Ben Flanagan (@manlikeflan)
With cinema beautifully back in London, each week has new reasons to be excited. In the next few days, I’ll be seeing Paul W.S. Anderson’s Monster Hunter, In the Heights (I don’t care if it’s corny, I just want to feel something), prints of Robert Altman’s HealtH and Apichatpong Weerasethakul’s Syndromes and a Century. At last, cinemas are back, and it feels like there’s a real variety of films on offer.
Navigating London’s cinema scene can feel like a chore.
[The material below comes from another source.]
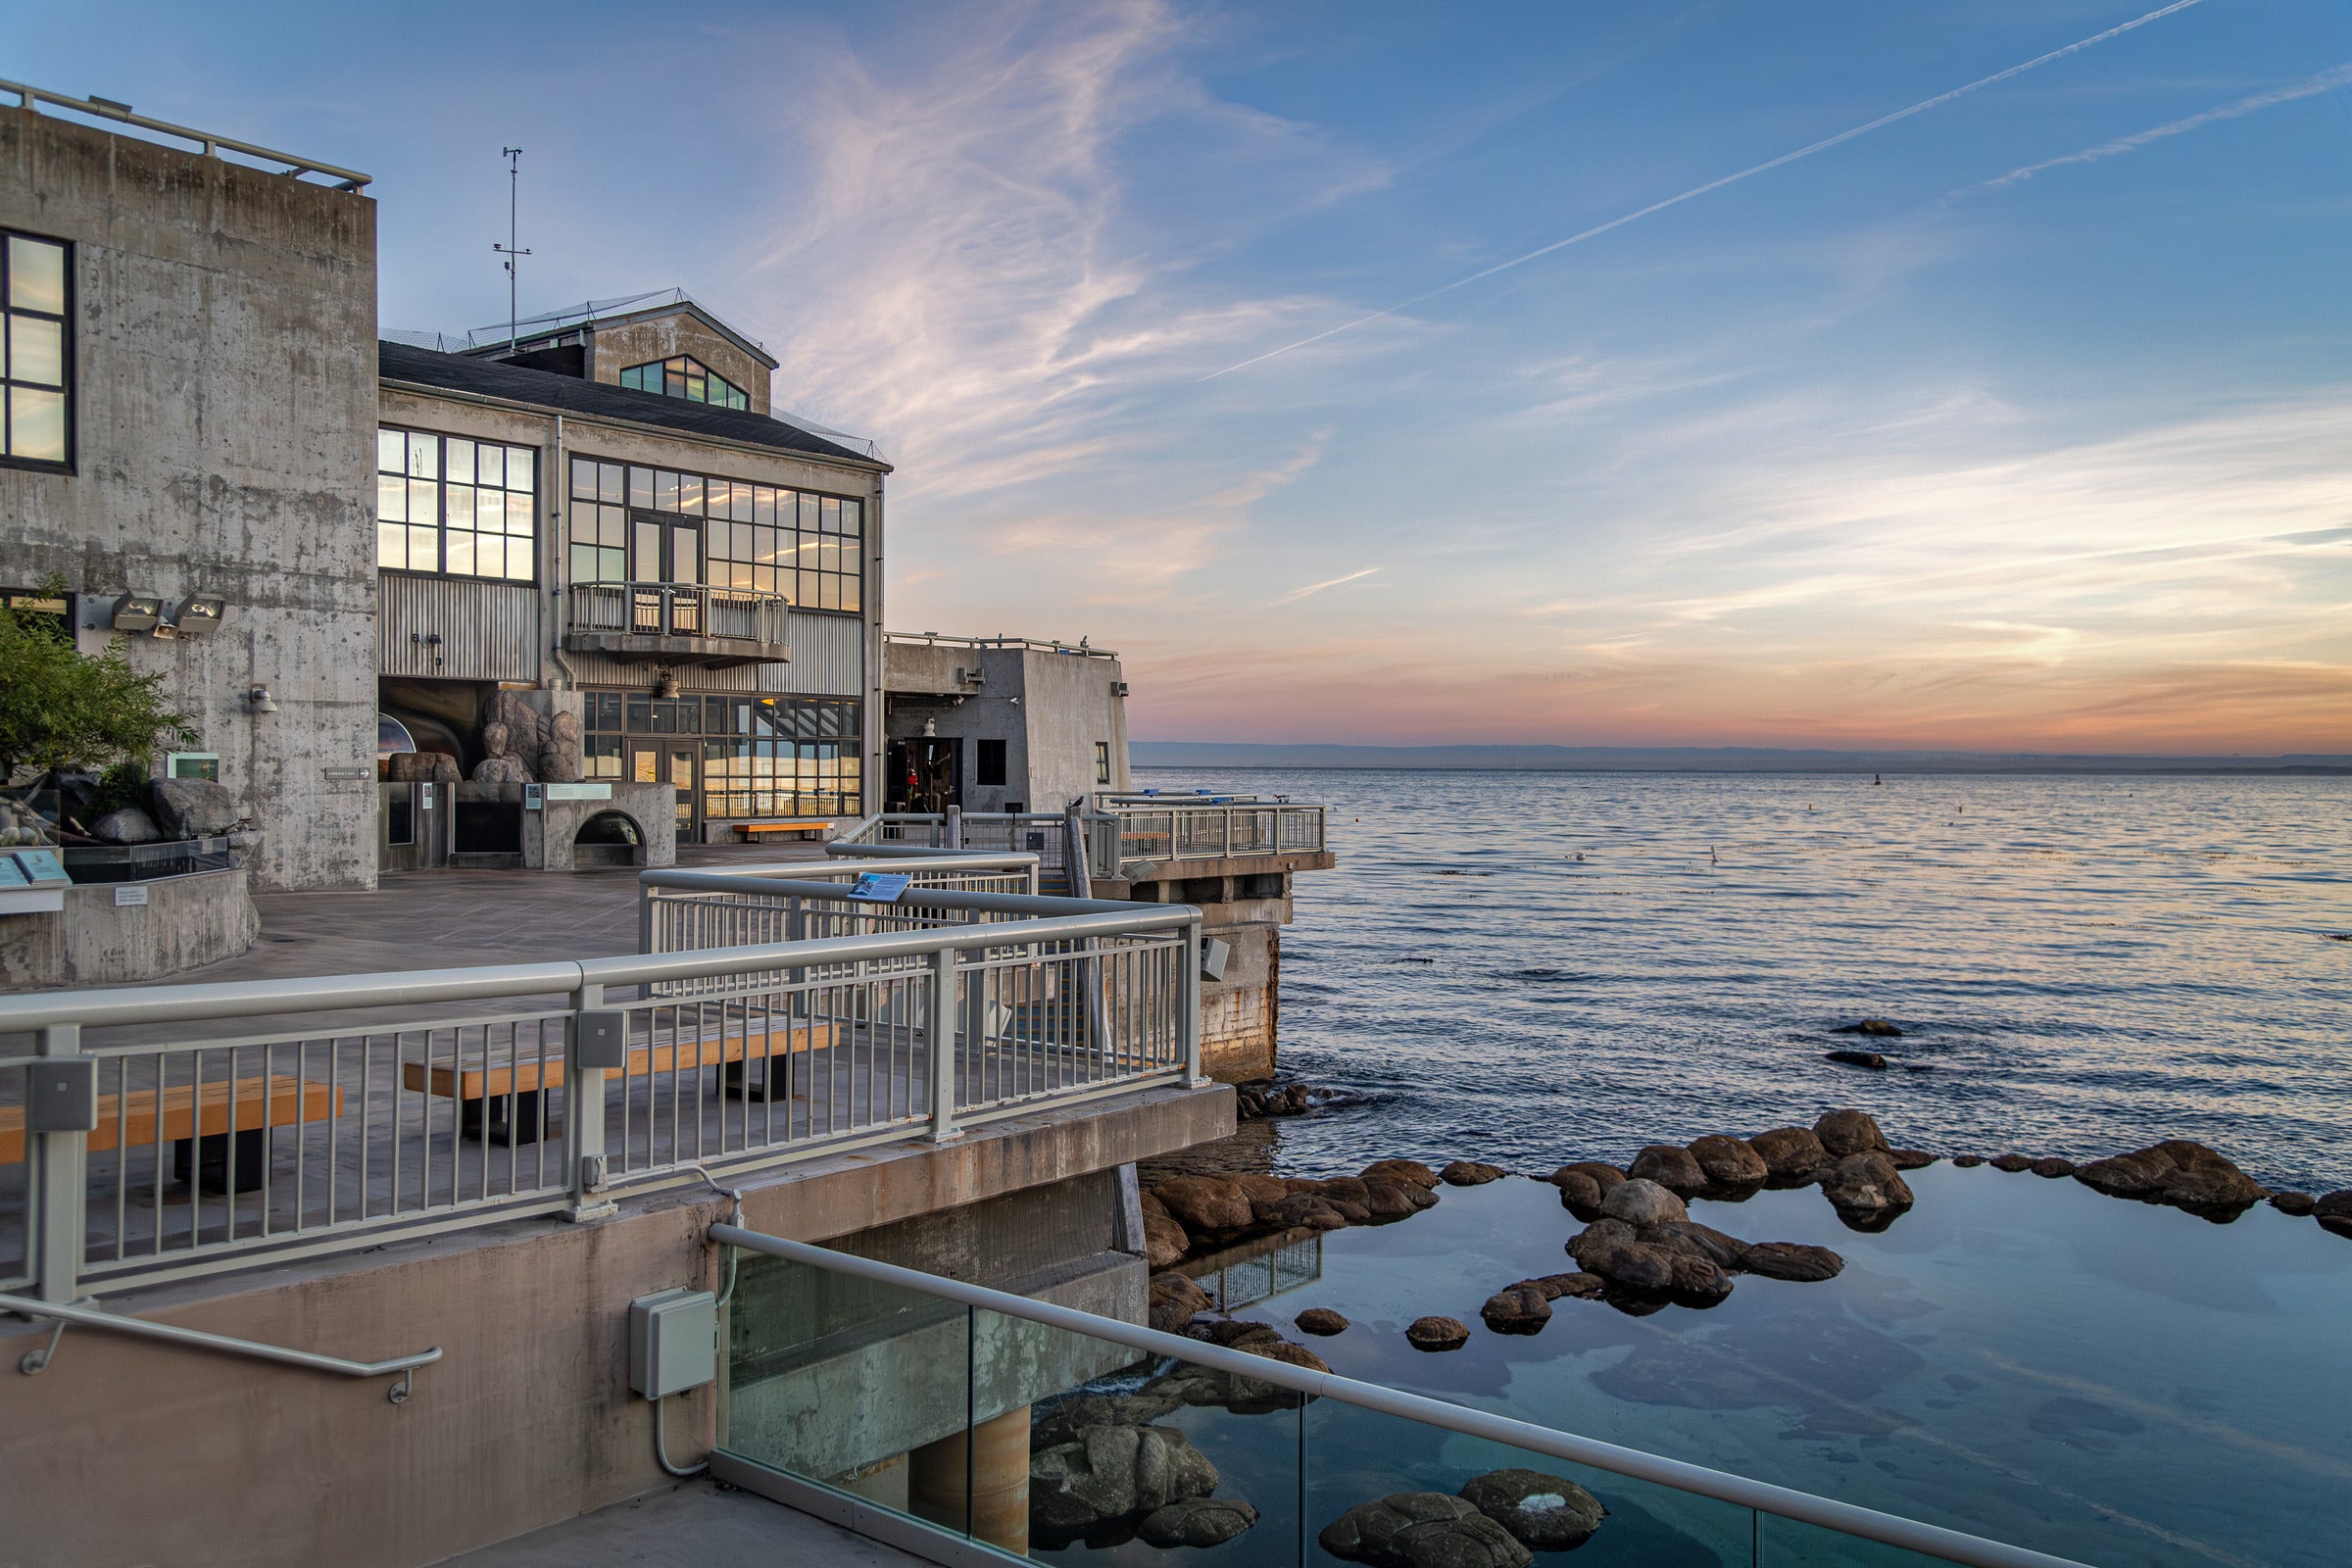 Sunrise off the Back Deck of the Monterey Bay Aquarium and a view of the tide pool

Tickets are, famously, outrageously priced, and pop up events might be over an hour away from your cramped flat. These travails are made easier by the use of a listing website called Radiant Circus — which is a little like New York’s fabled Screen Slate — that highlights alternative and independent film events, and hosts new writing. It’s indispensable reading if you’re mapping out your cinema trips in the city. I’m looking forward to those summer days when I can roll out of bed, spend a few hours in the park and then check the listings in the knowledge that there’ll be something for whatever mood I’m seeking.
Peter Bell (@PeterGBell25)
In the last year, it seemed like we were all living the Beatles tune “The Long and Winding Road.” The last thing we need is an epilogue of a long, cold and lonely winter. January ’21 saw the passing of Hammer horror actress and all-around monster diva Barbara Shelley. In April, Hollywood and the denizens of Sunset Blvd. faced the closure of the Cinerama Dome. Yes, there’s been a lot of adapting and necessary changes, but hope springs eternal, and once more, the bright flash of the silver screen beckons invitingly. My picks of films to watch for this summer include The Sparks Brothers (2021). Not only is this director Edgar Wright’s first crack at being a documentarian, but it will be a deep-dive exploration into one of the most overlooked bands. The Protégé (2021) looks to be not only a great action film but also a welcomed return for fan-favorite director Martin Campbell (The Mask of Zorro, GoldenEye). Finally, last but not least, I look forward to Peter Jackson’s The Beatles: Get Back, as I’m eager to see how the filmmaker will apply his editing and restoration magic to the Fab Four. As John Lennon prophetically says in “Mind Games,” “So keep playing those mind games together / Faith in the future out of the now.” Regardless of size, small or large, when applied correctly, the magic of theater can strike an uplifting cord, or at the very least supply us with a healthy dose of escapism and popcorn munching.